Information given:
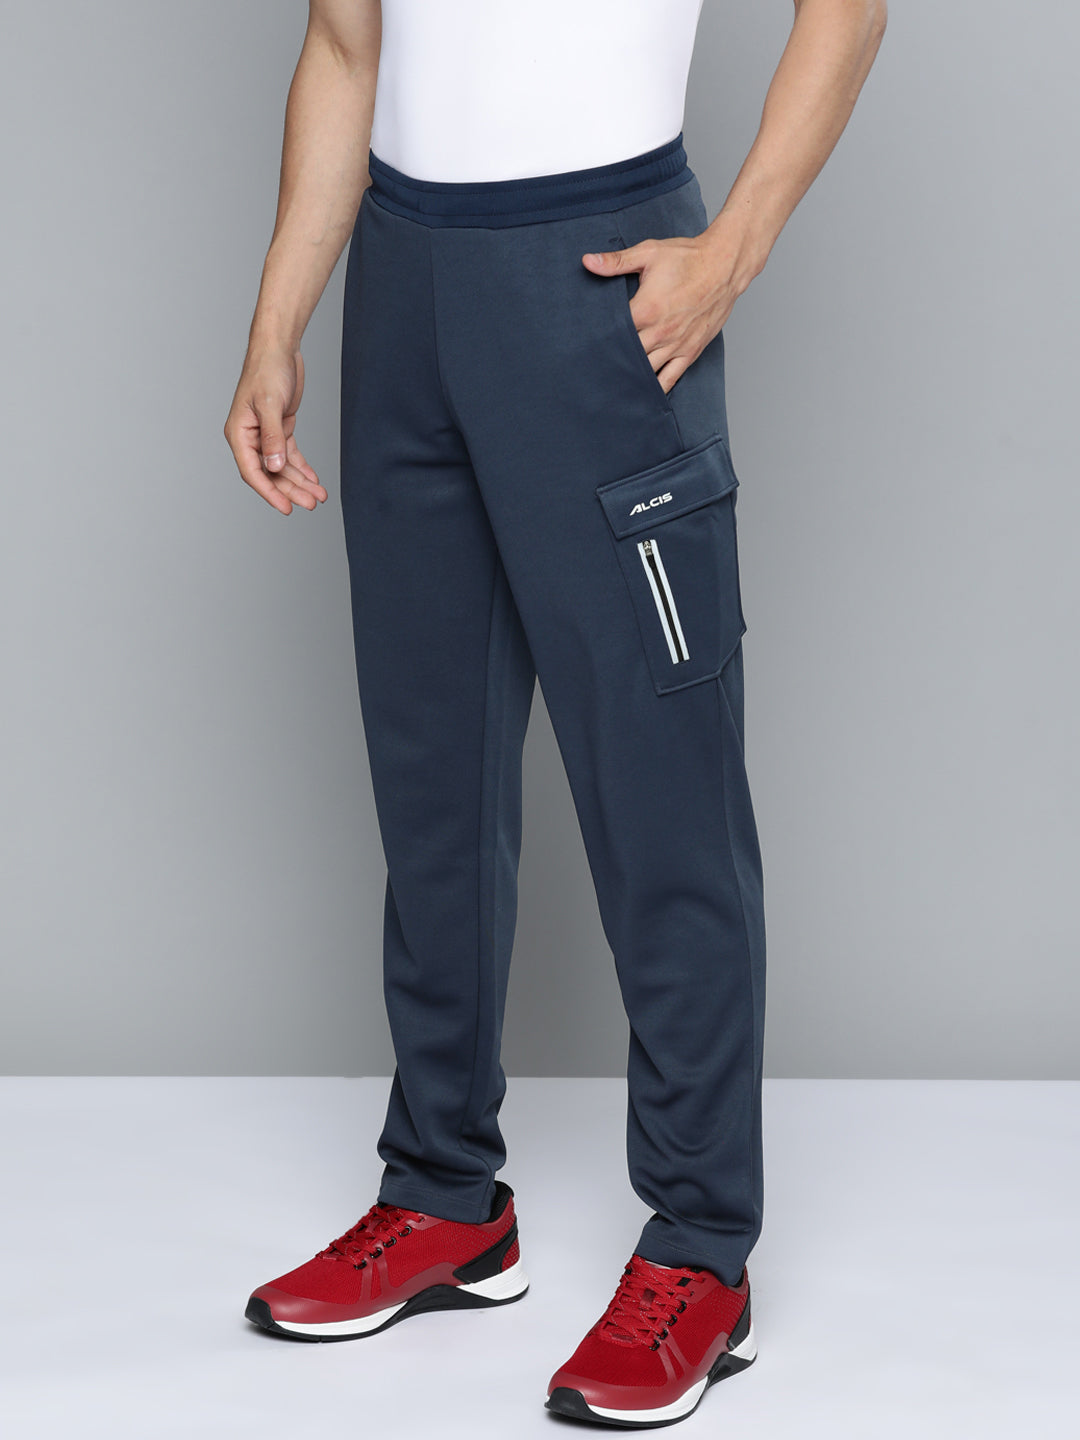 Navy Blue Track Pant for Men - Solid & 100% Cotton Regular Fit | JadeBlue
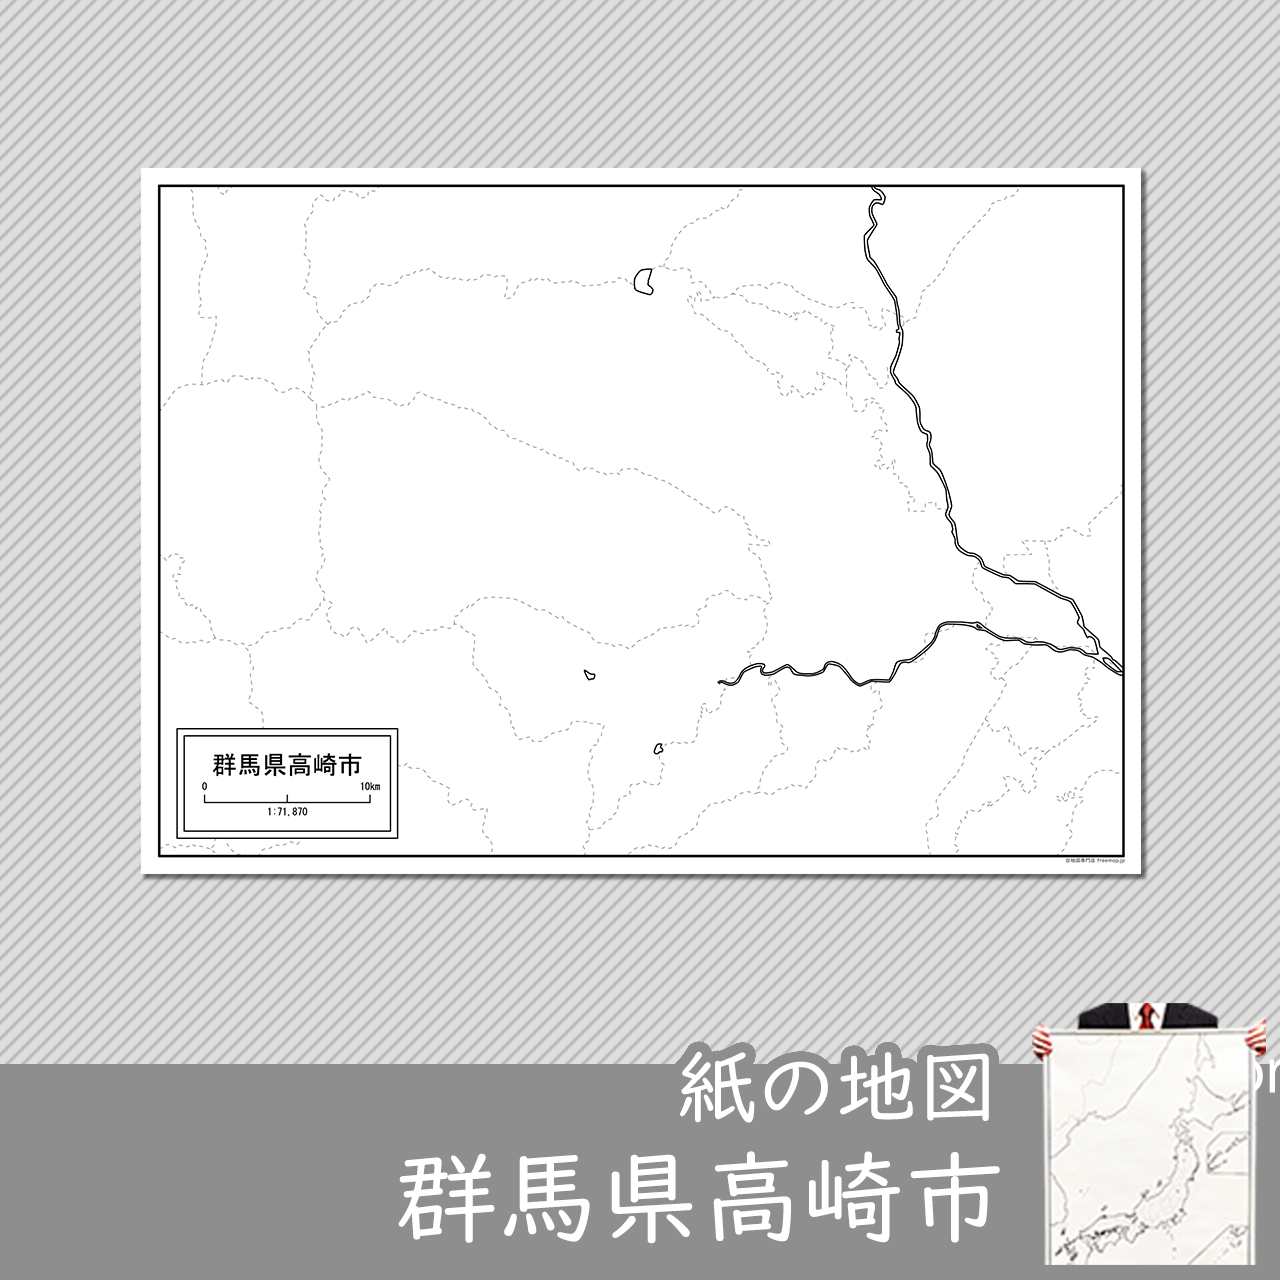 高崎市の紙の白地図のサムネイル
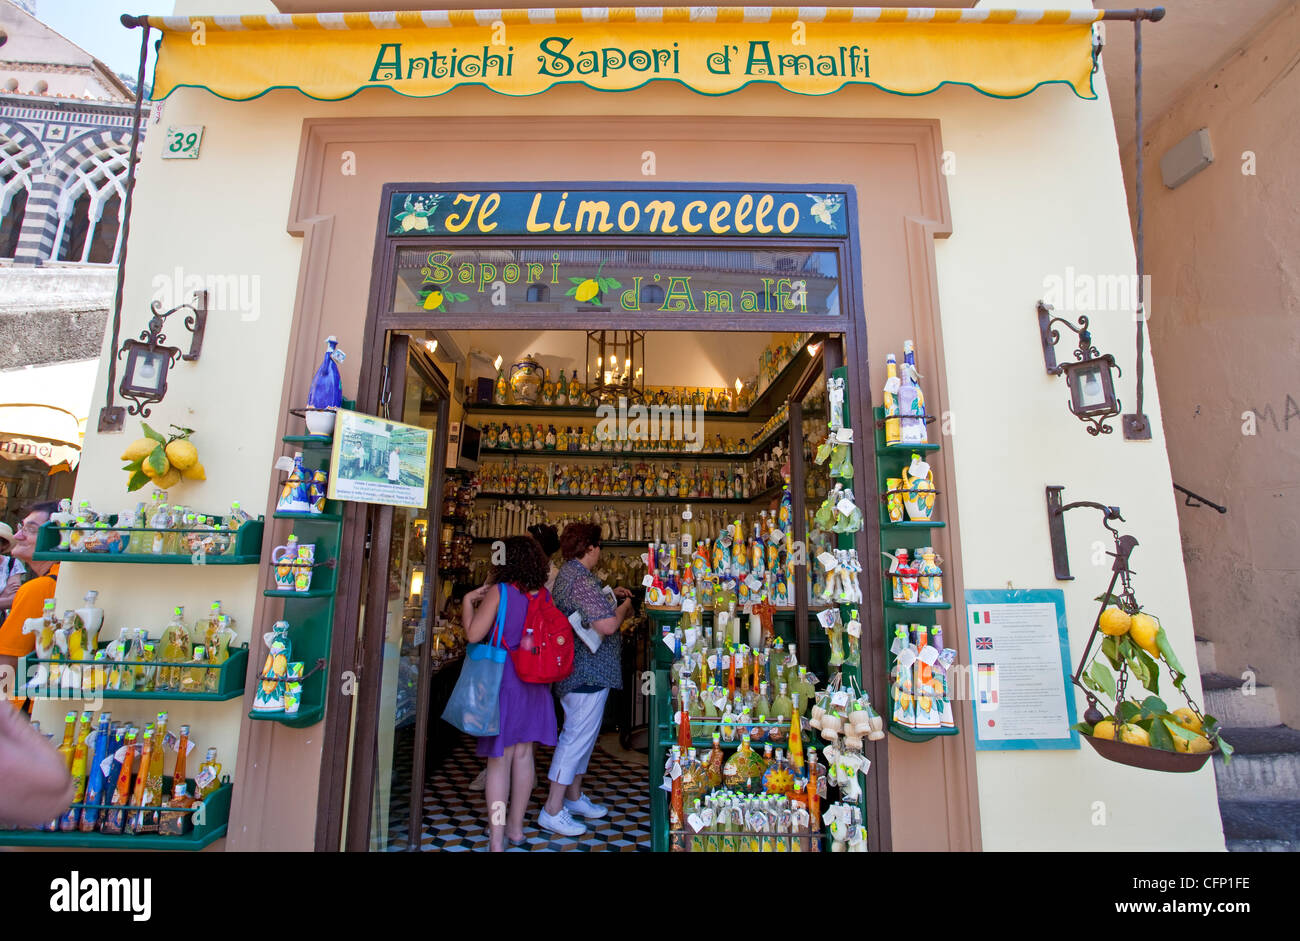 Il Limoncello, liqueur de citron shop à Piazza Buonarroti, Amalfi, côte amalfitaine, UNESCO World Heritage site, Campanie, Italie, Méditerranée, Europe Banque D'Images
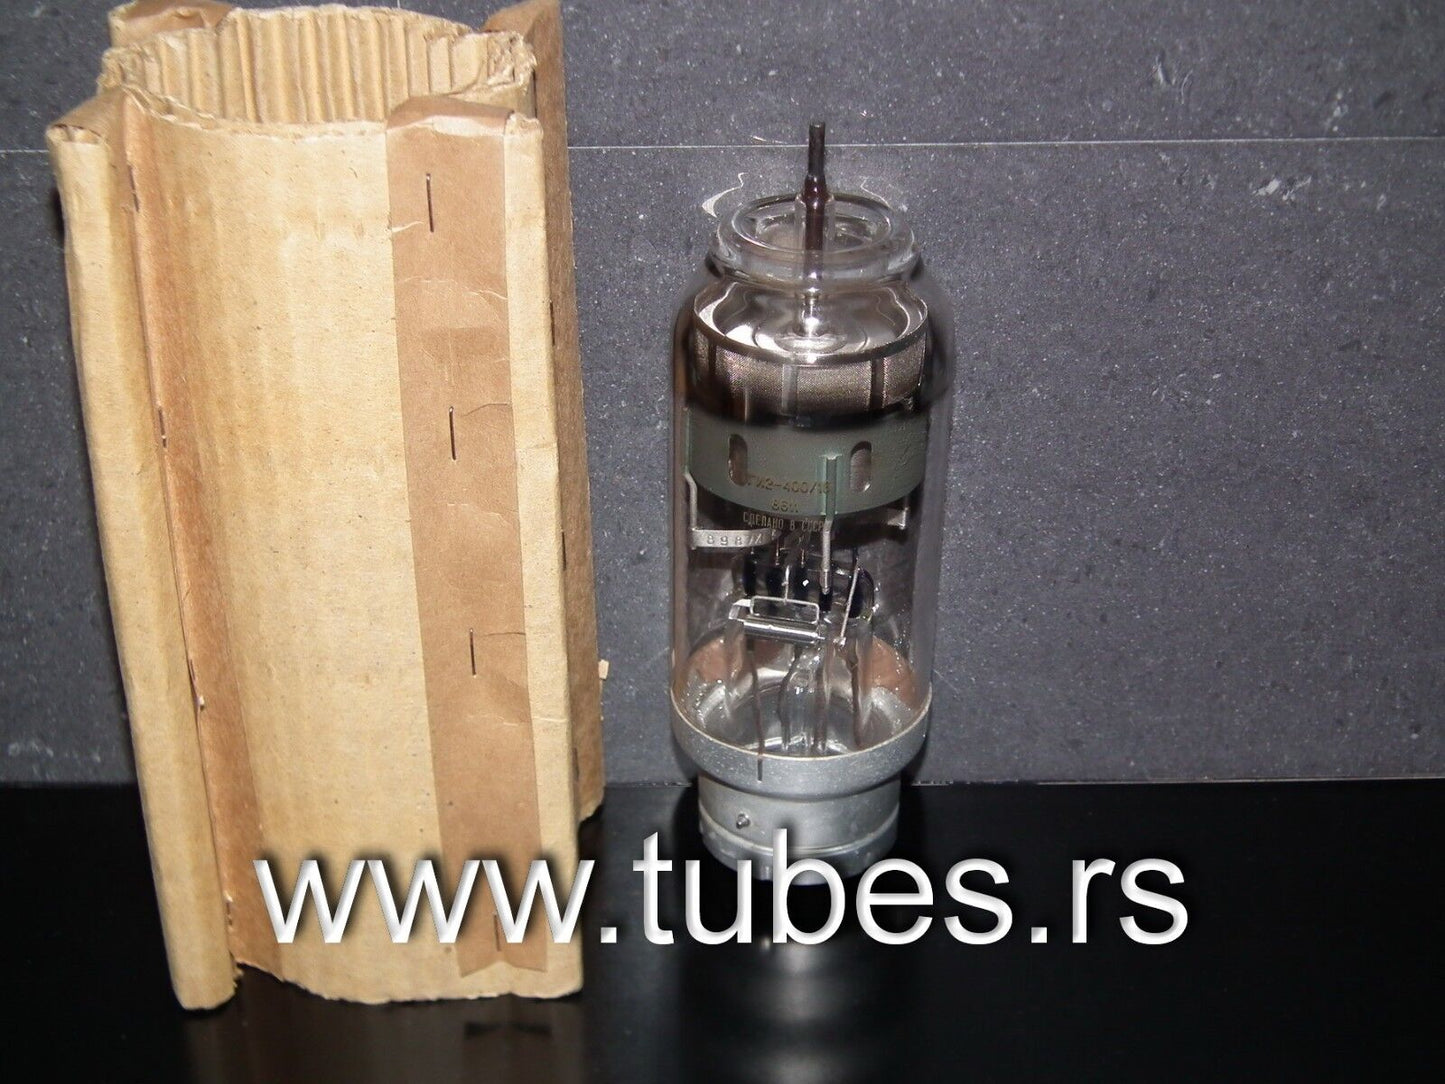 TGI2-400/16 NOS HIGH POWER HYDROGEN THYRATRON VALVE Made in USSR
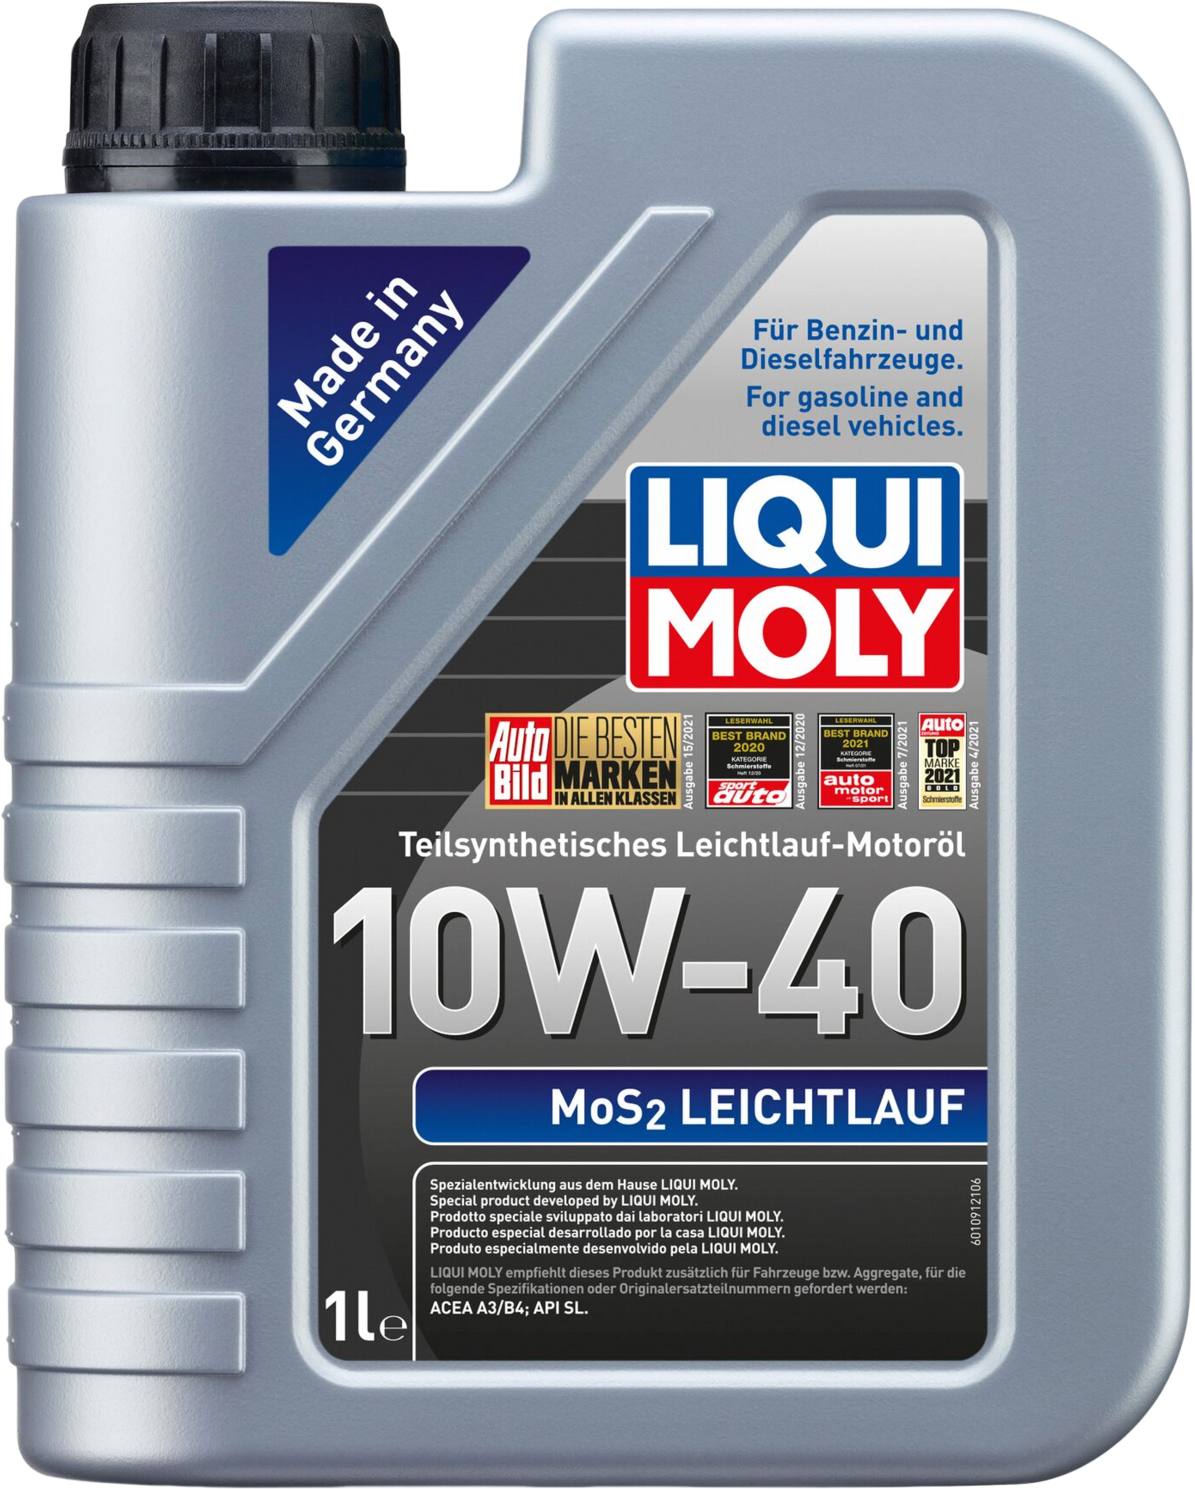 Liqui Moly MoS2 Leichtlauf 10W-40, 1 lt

Your task: Take the line with "Il Limoncello, liqueur" and each line after it through the end of the material above, and reproduce them exactly, without the pictures.

Solution for this task:
 Il Limoncello, liqueur de citron shop à Piazza Buonarroti, Amalfi, côte amalfitaine, UNESCO World Heritage site, Campanie, Italie, Méditerranée, Europe Banque D'Images
 TGI2-400/16 NOS HIGH POWER HYDROGEN THYRATRON VALVE Made in USSR
 Liqui Moly MoS2 Leichtlauf 10W-40, 1 lt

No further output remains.